§ **Problem to work on**
Write out the following listing's lines from the one with "Dunkin' Donuts Park / Hartford Yard Goats" to the one with "Коврик для ванной комнаты Vossen", exactly, with both included and no others.

§ **Available records**
_ _ _ _ _
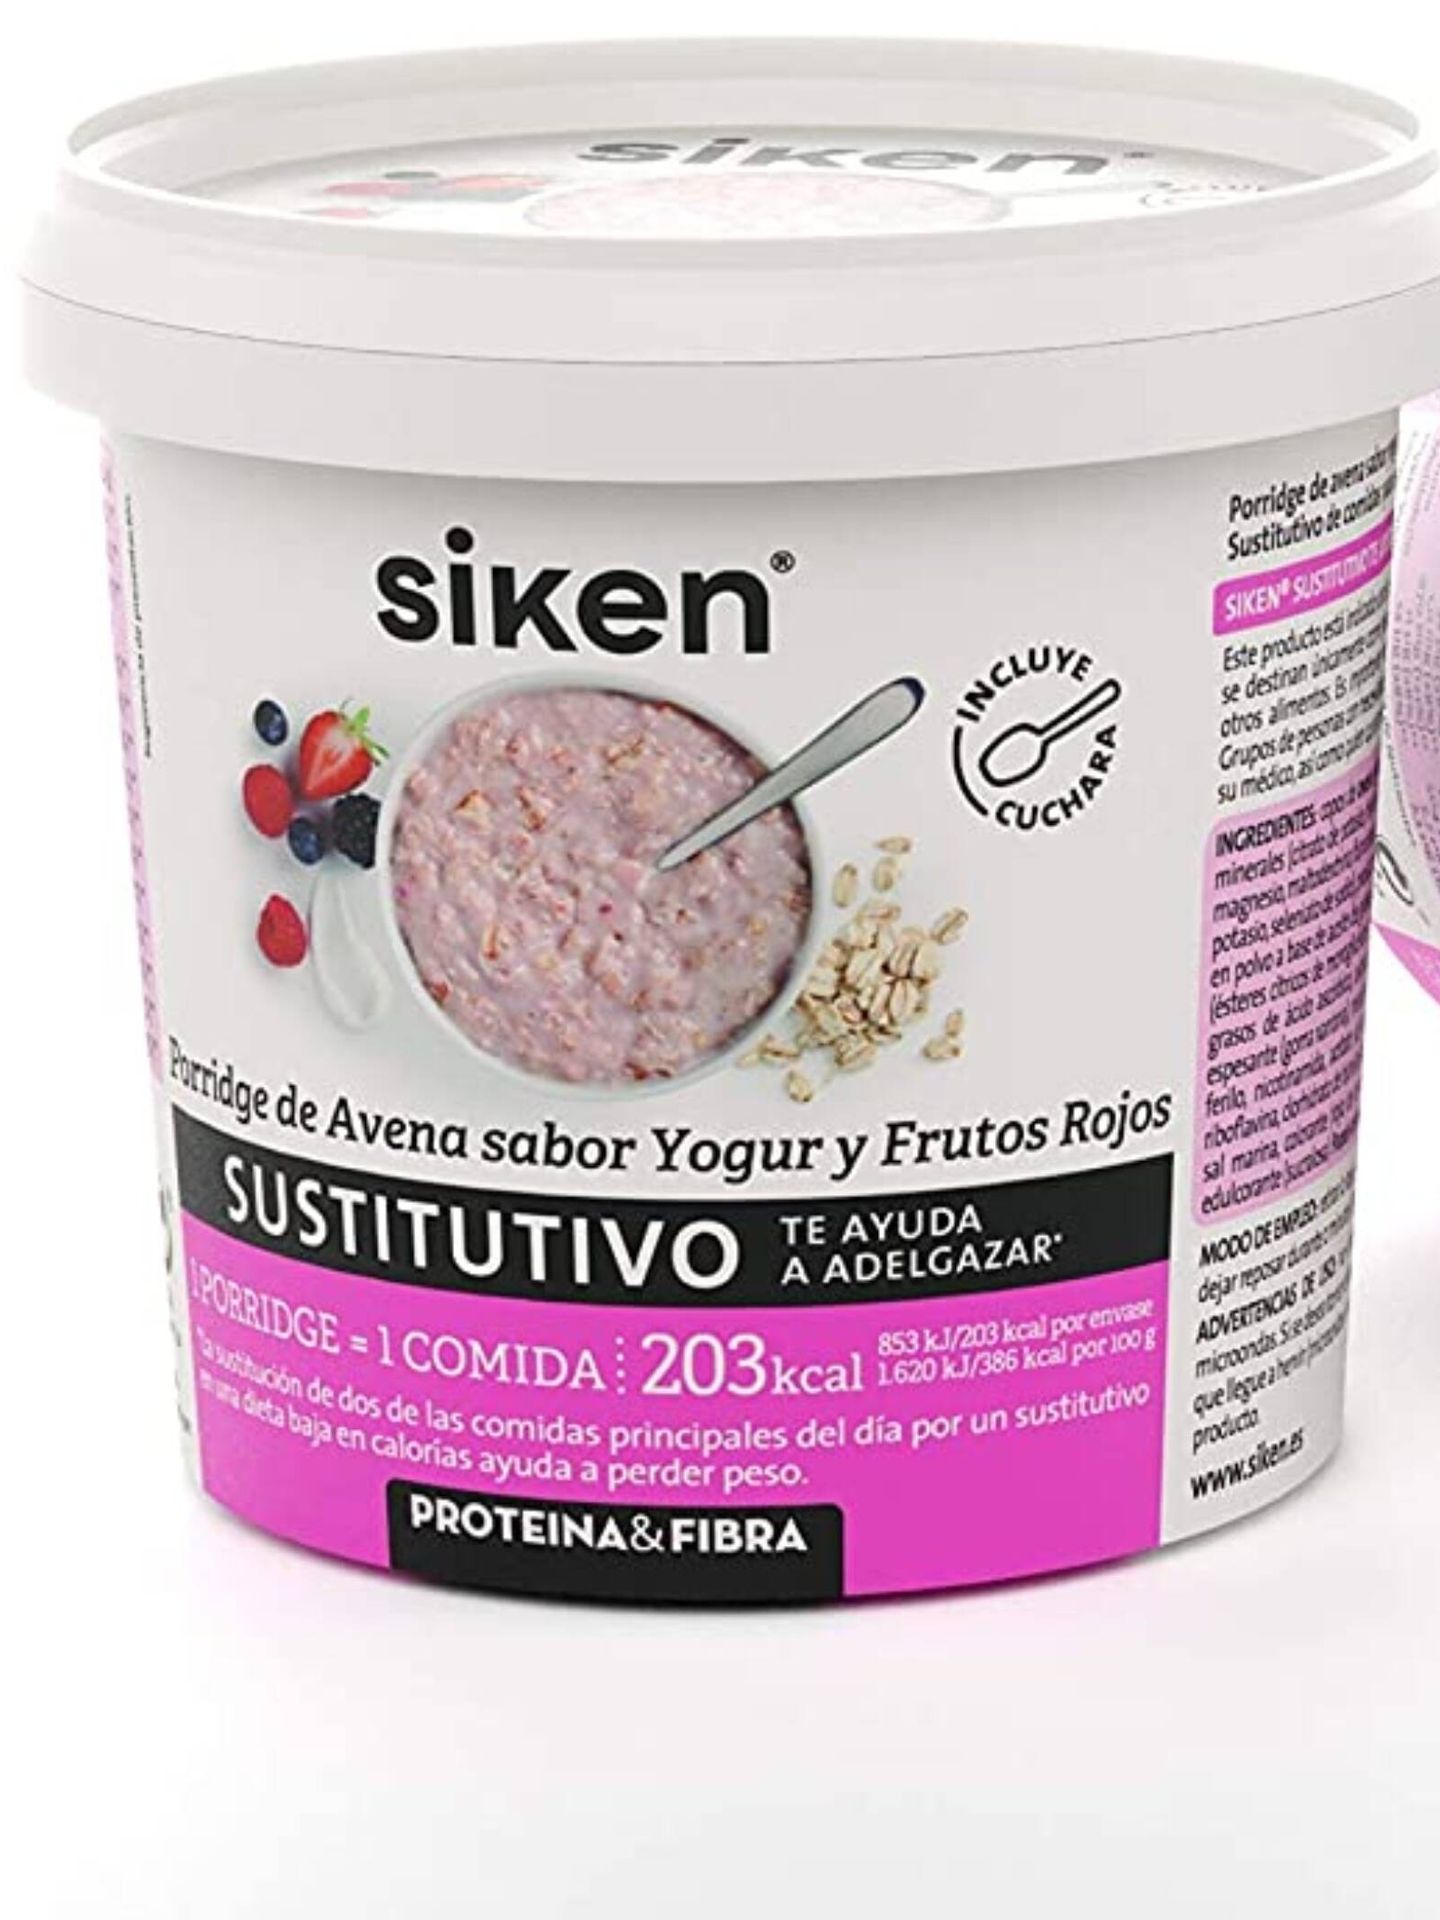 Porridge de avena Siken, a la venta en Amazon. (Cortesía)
_ _ _ _ _
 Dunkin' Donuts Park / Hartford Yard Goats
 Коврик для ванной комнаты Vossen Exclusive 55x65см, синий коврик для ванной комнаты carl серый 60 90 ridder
_ _ _ _ _
§ **Task response**
 Dunkin' Donuts Park / Hartford Yard Goats
 Коврик для ванной комнаты Vossen Exclusive 55x65см, синий коврик для ванной комнаты carl серый 60 90 ridder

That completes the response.